Burgers (Liquid)
using RHEOS
# include a helper function for plotting
include("assets/plothelper.jl");BurgersLiquid
Model name: burgerliquid
Free parameters: η₁, k₁, η₂ and k₂
___
_________| |________
___ | _|_| η₂ |
_____| |________╱╲ ╱╲ ╱╲ _______| |____
_|_| ╲╱ ╲╱ ╲╱ | |
η₁ k₁ |____╱╲ ╱╲ ╱╲ ____|
╲╱ ╲╱ ╲╱
k₂
Constitutive Equation
\[\sigma(t) + p_1 \frac{d \sigma(t)}{dt} + p_2 \frac{d^2 \sigma(t)}{dt^2} = q_1 \frac{d \epsilon(t)}{dt} + q_2 \frac{d^2 \epsilon(t)}{dt^2}\]
\[\text{where}\; \ p_1 = \frac{\eta_1}{k_1}+\frac{\eta_1}{k_2}+\frac{\eta_1}{k_2}\text{,}\; \ p_2 = \frac{\eta_1 \eta_2}{k_1 k_2}\text{,}\; \ q_1 = \eta_1\; \ \text{and}\; \ q_2 = \frac{\eta_1 \eta_2}{k_2}\]
Relaxation Modulus
\[G(t) = \left[ \left(q_1 - q_2 r_1\right) e^{-r_1 t} - \left(q_1 - q_2 r_2\right) e^{-r_2 t} \right]/A\]

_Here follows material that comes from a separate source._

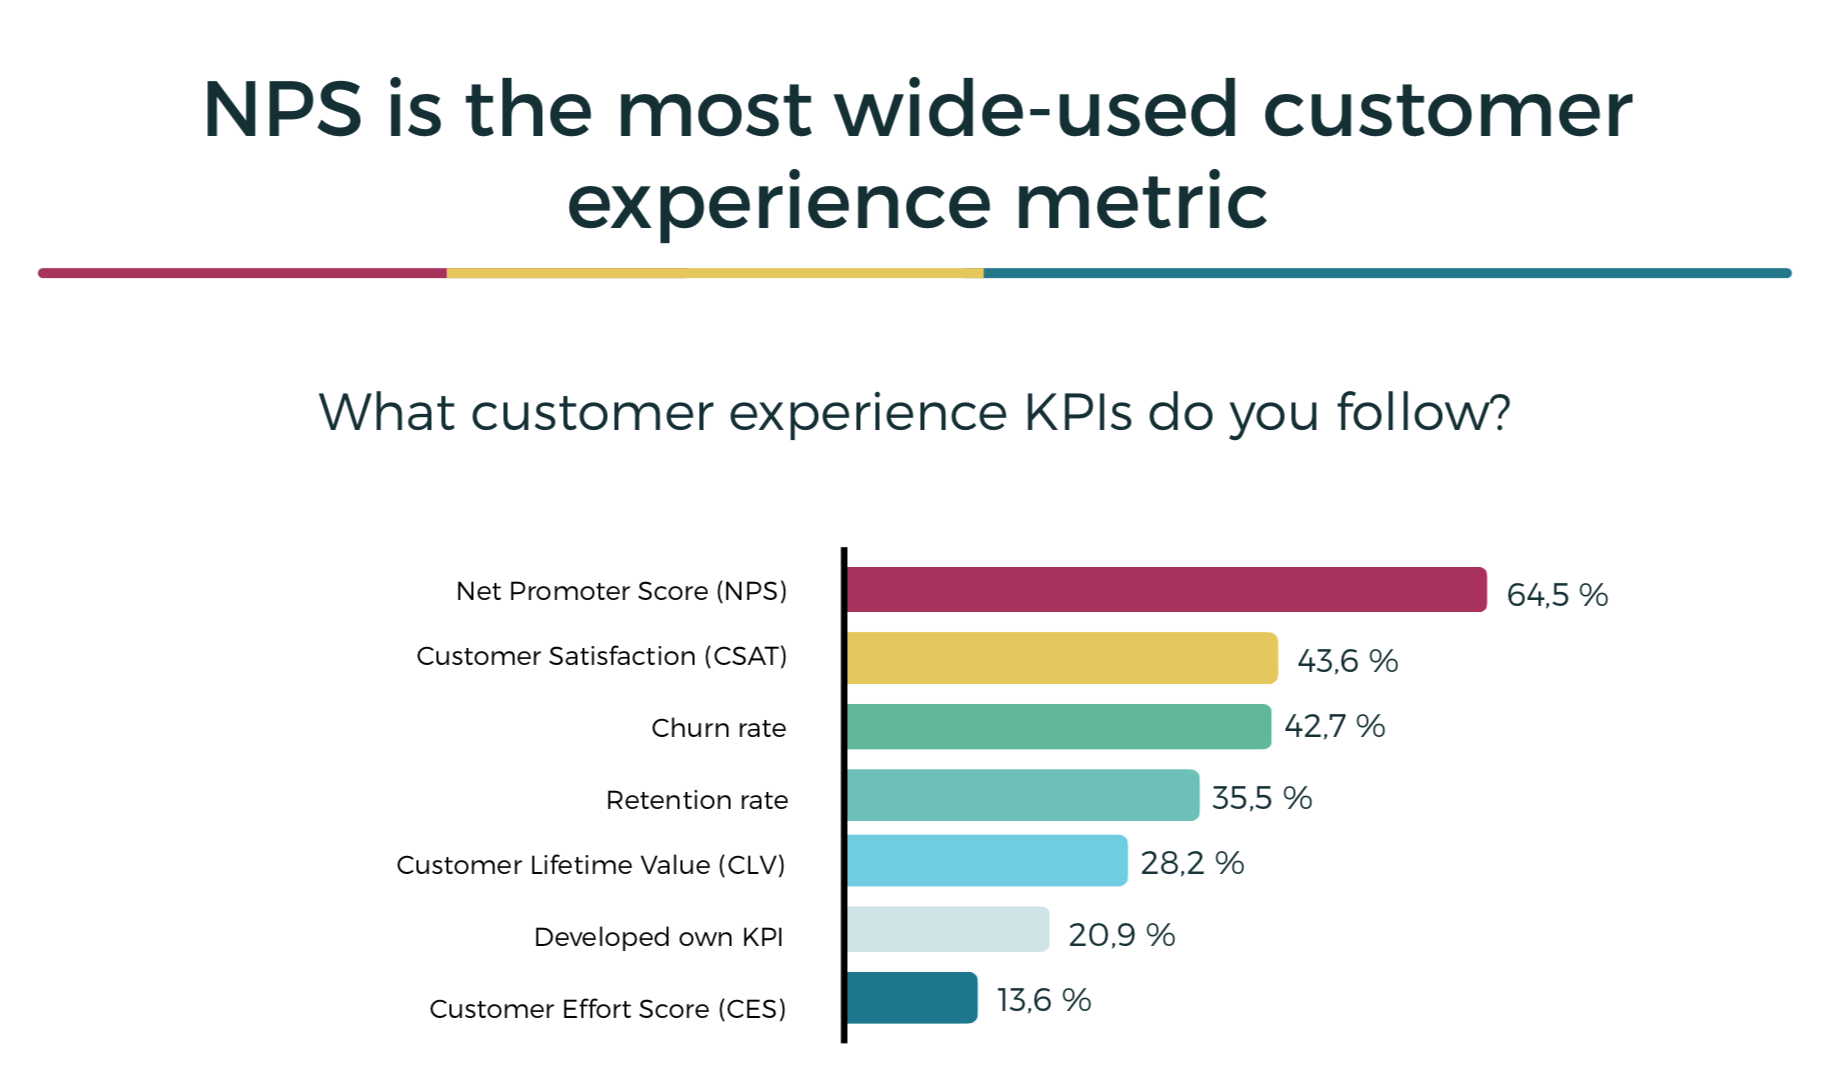 Källa: The State of Customer Experience 2018

\[\text{where}\; \ r_1 = (p_1-A)/2p_2 \text{,}\; \ r_2 = (p_1 +A) /2p_2 \text{, and}\; \ A = \sqrt{p_1^2 - 4p_2}\]
Creep Modulus
\[J(t) = \frac{1}{k_1} + \frac{t}{\eta_1} + \frac{1}{k_2} \left(1-e^{-k_2 t/\eta_2}\right)\]
Storage Modulus
\[G^{\prime}(\omega) = \frac{p_1 q_1 \omega^2 - q_2 \omega^2 (1-p_2 \omega^2)}{p_1^2 \omega^2 + (1-p_2 \omega^2)^2}\]
Loss Modulus
\[G^{\prime \prime}(\omega) = \frac{p_1 q_2 \omega^3 + q_1 \omega (1-p_2 \omega^2)}{p_1^2 \omega^2 + (1-p_2 \omega^2)^2}\]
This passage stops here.